Dann passierten mehrere Dinge gleichzeitig. Das Erste, was mich in Aufregung versetzte, war Alva. Sie stand in der Tür, den Blick auf mich gerichtet, voller Angst und Panik. Dann drehte sie ihren Kopf, genauso wie ich, zu der Richtung, aus der wir einen leisen Schrei gehört hatten. Und das war das Dritte und wahrscheinlich Schlimmste, was passierte. Der, der geschrien hatte, war Carter. Henrietta stand hinter ihm, hatte sich über seine Schulter gebeugt und in ihrer Hand... In ihrer Hand war ein großes Küchenmesser. Sie hielt es Carter an den Hals, die Messerspitze drückte leicht in die Haut, aber es tropfte noch kein Blut.
Trotzdem atmete er schwer und starrte panisch und ängstlich zwischen dem Messer, mir und Alva hin und her.

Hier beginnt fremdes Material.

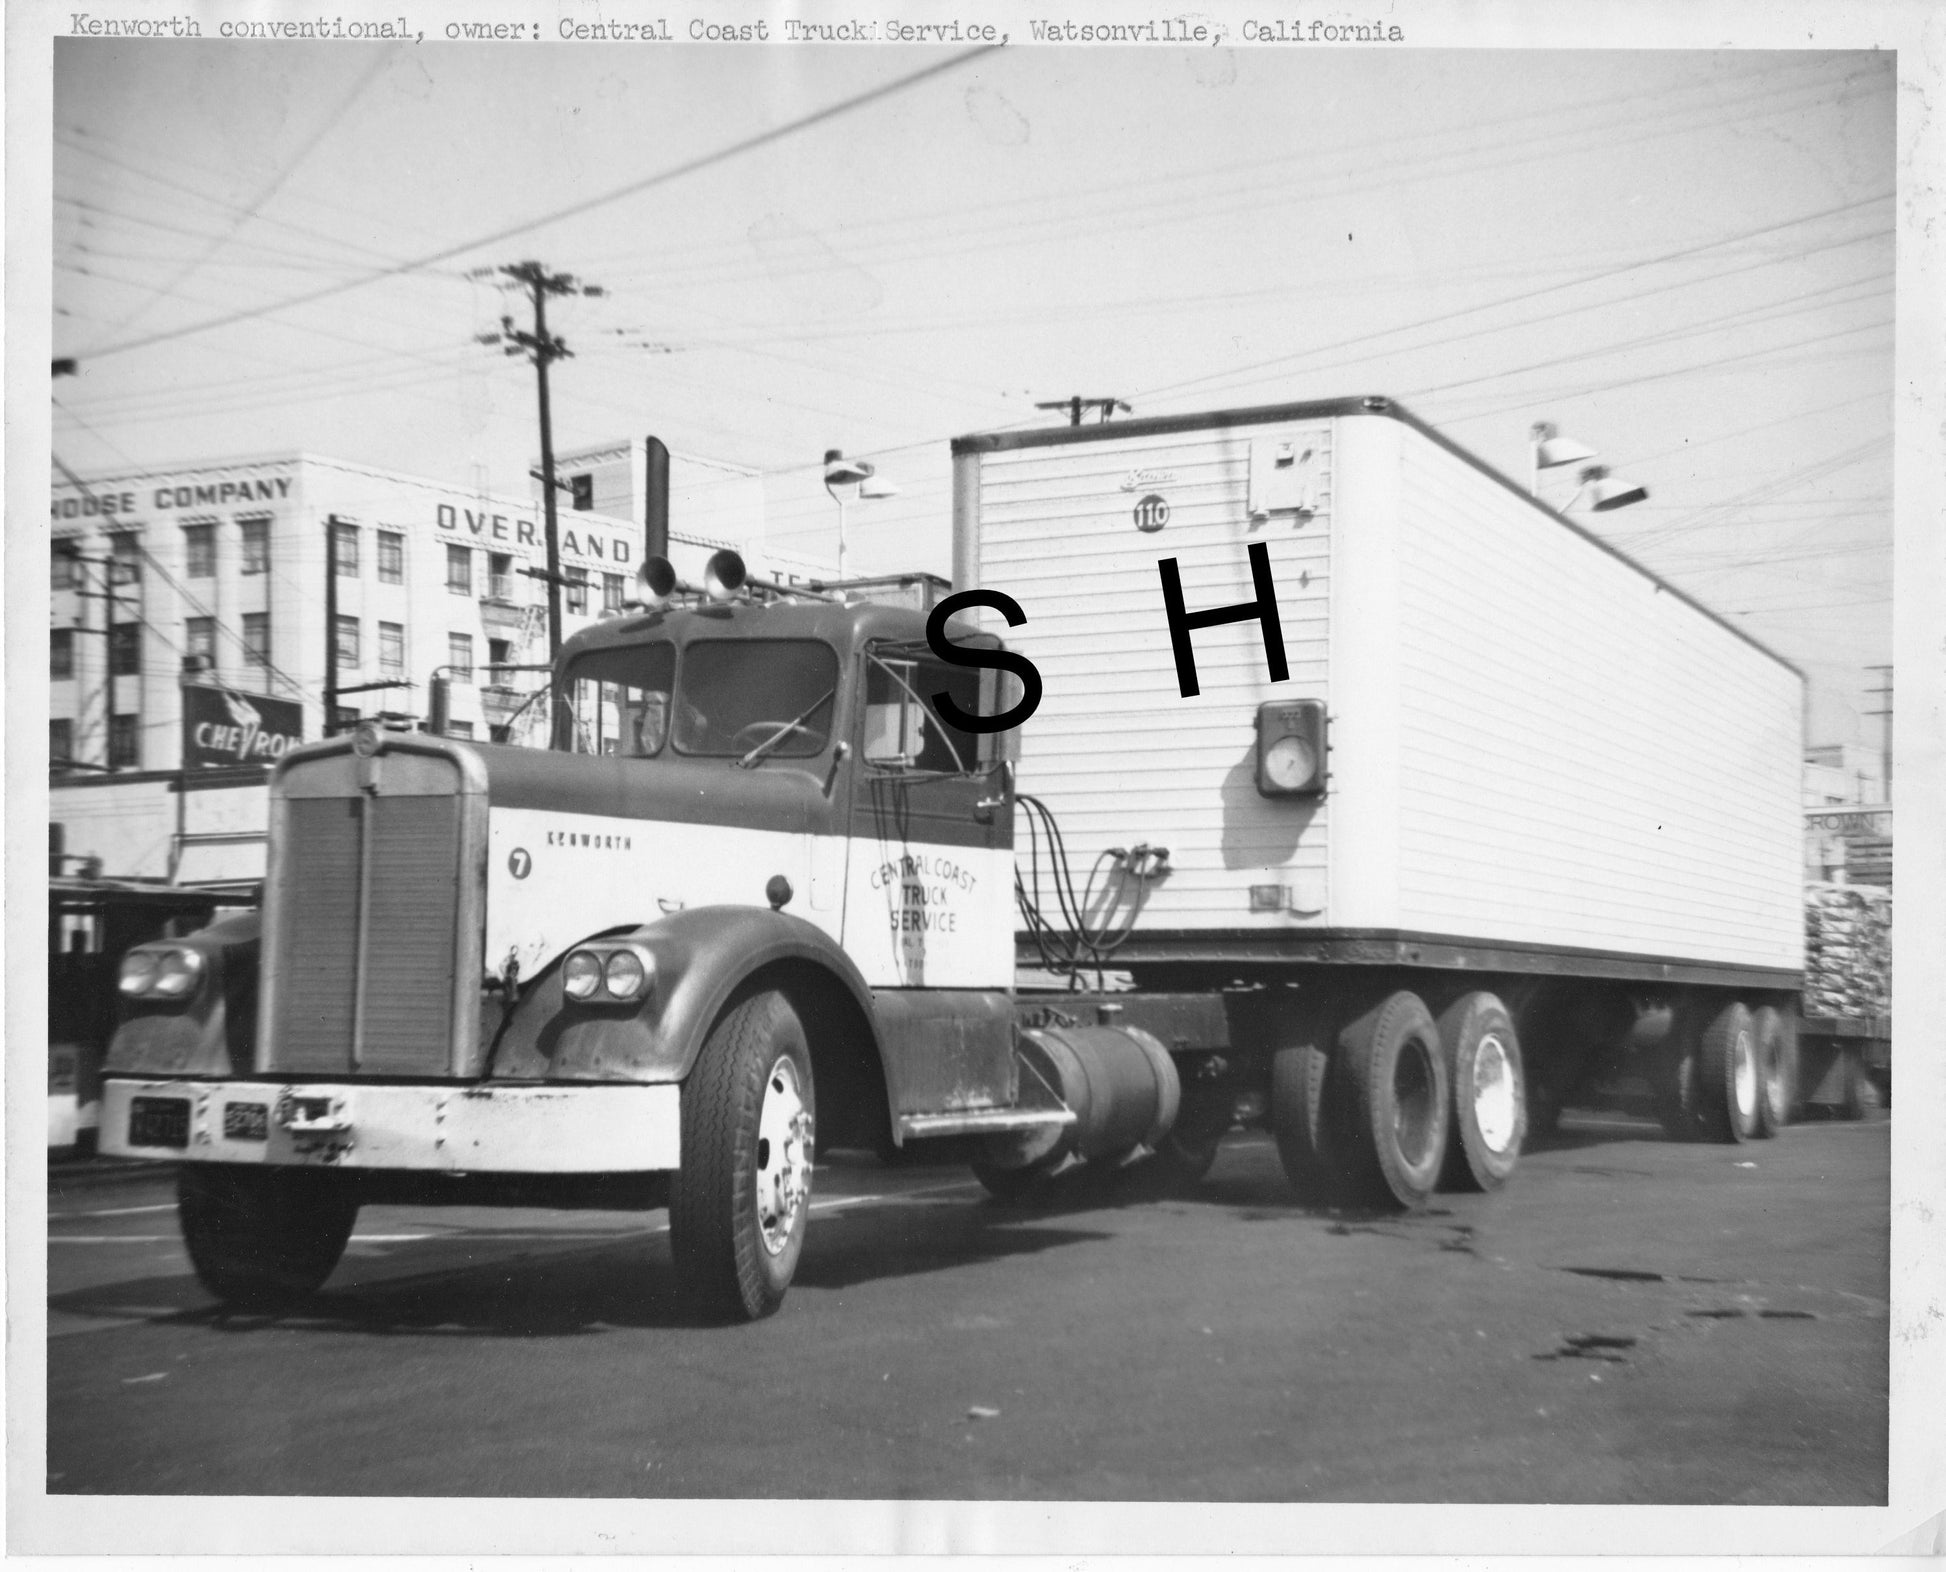 8 X 10 ORIGINAL B & W PHOTO KW CENTRAL COAST TRUCK SERVICE - Transportation Treasures
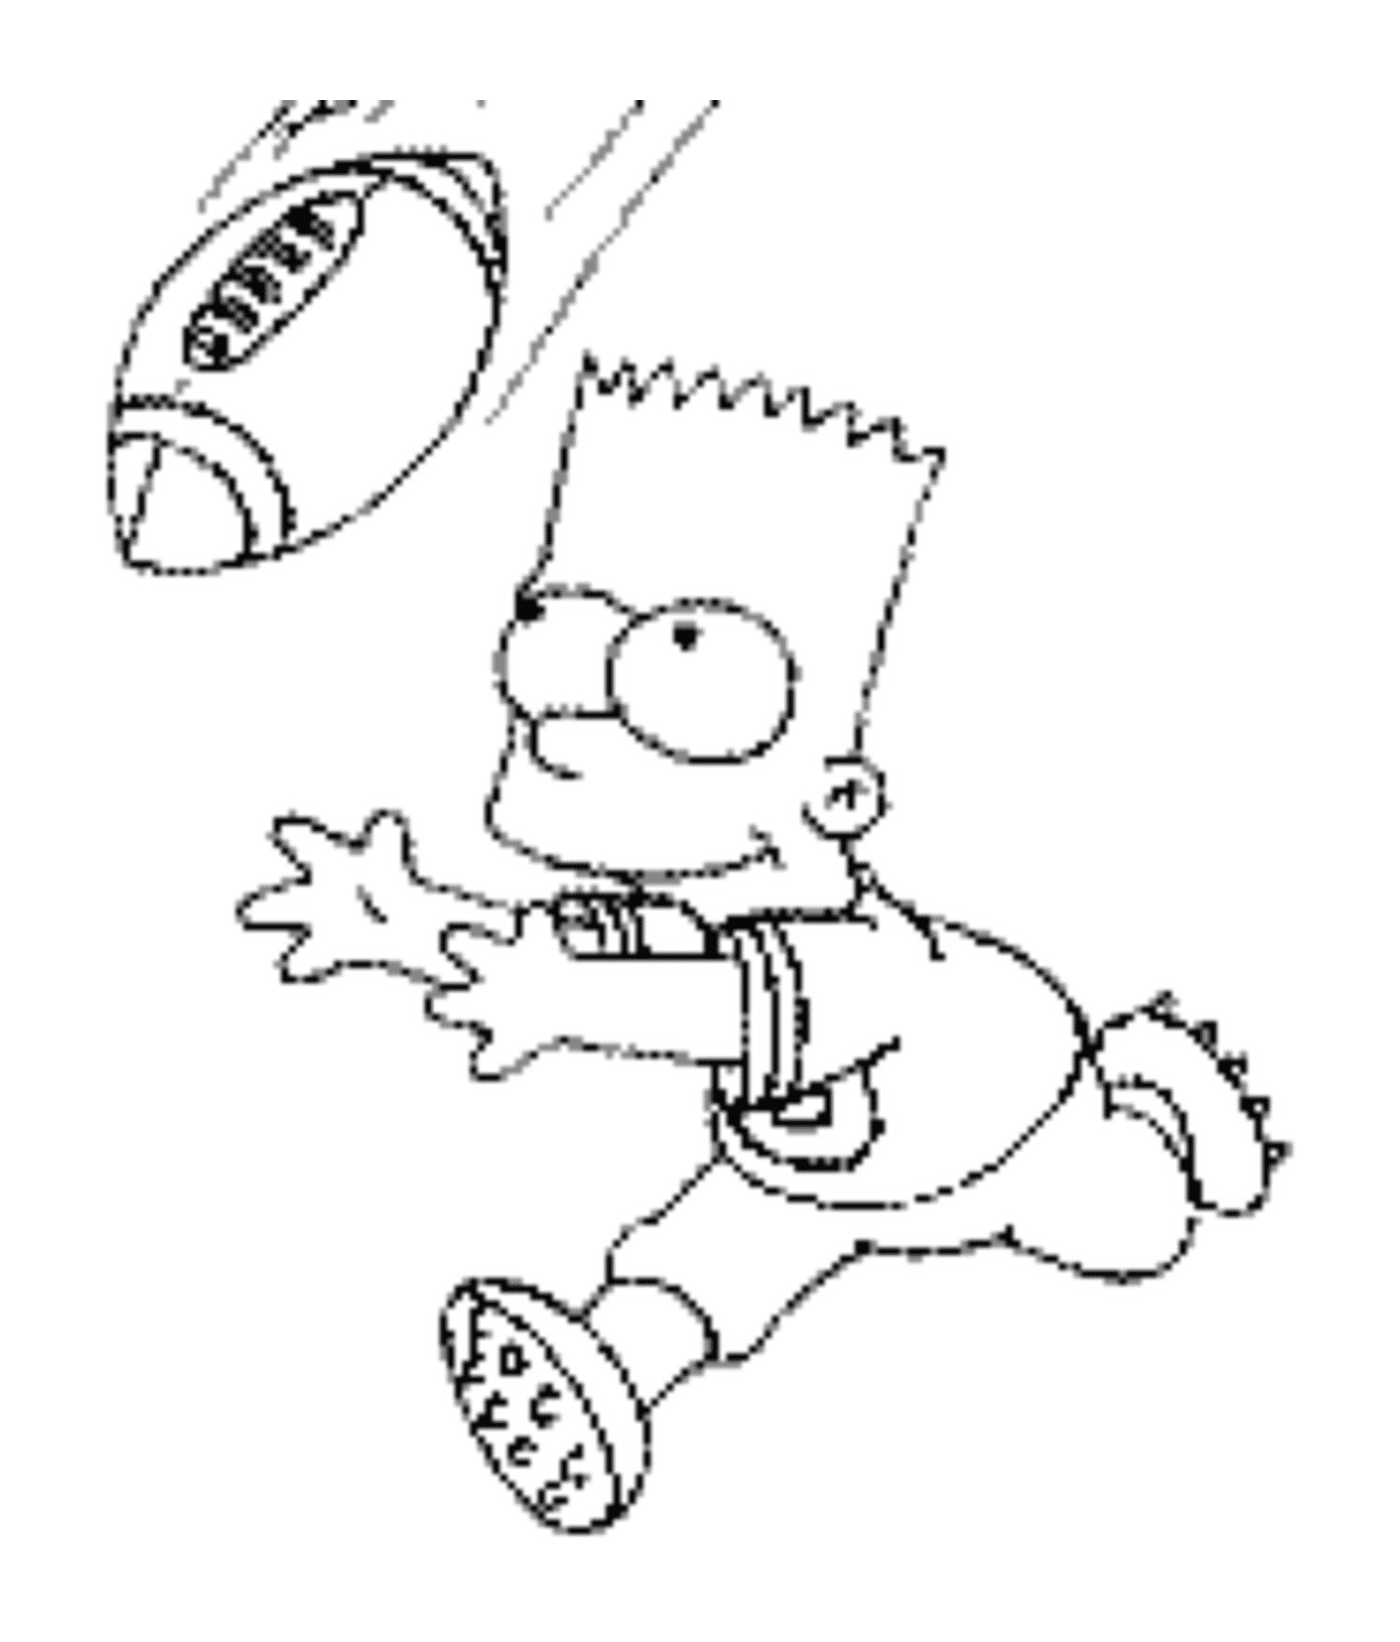  Bart plays American football

"Alva. Wie schön, dass du da bist", säuselte Henrietta, "Bitte mach die Tür zu." Alva tat zitternd, wie ihr gesagt wurde. "Schön. Dann komm doch bitte etwas näher." Zögernd ging Alva einen Schritt nach vorn. "Erinnerst du dich an mich?"

"Du bist Henrietta. Henrietta Dover."

"Richtig. Und erinnerst du dich noch an den einen Tag?"

"An das Feuer? Ja. Es tut mir leid, ich wollte nicht-!"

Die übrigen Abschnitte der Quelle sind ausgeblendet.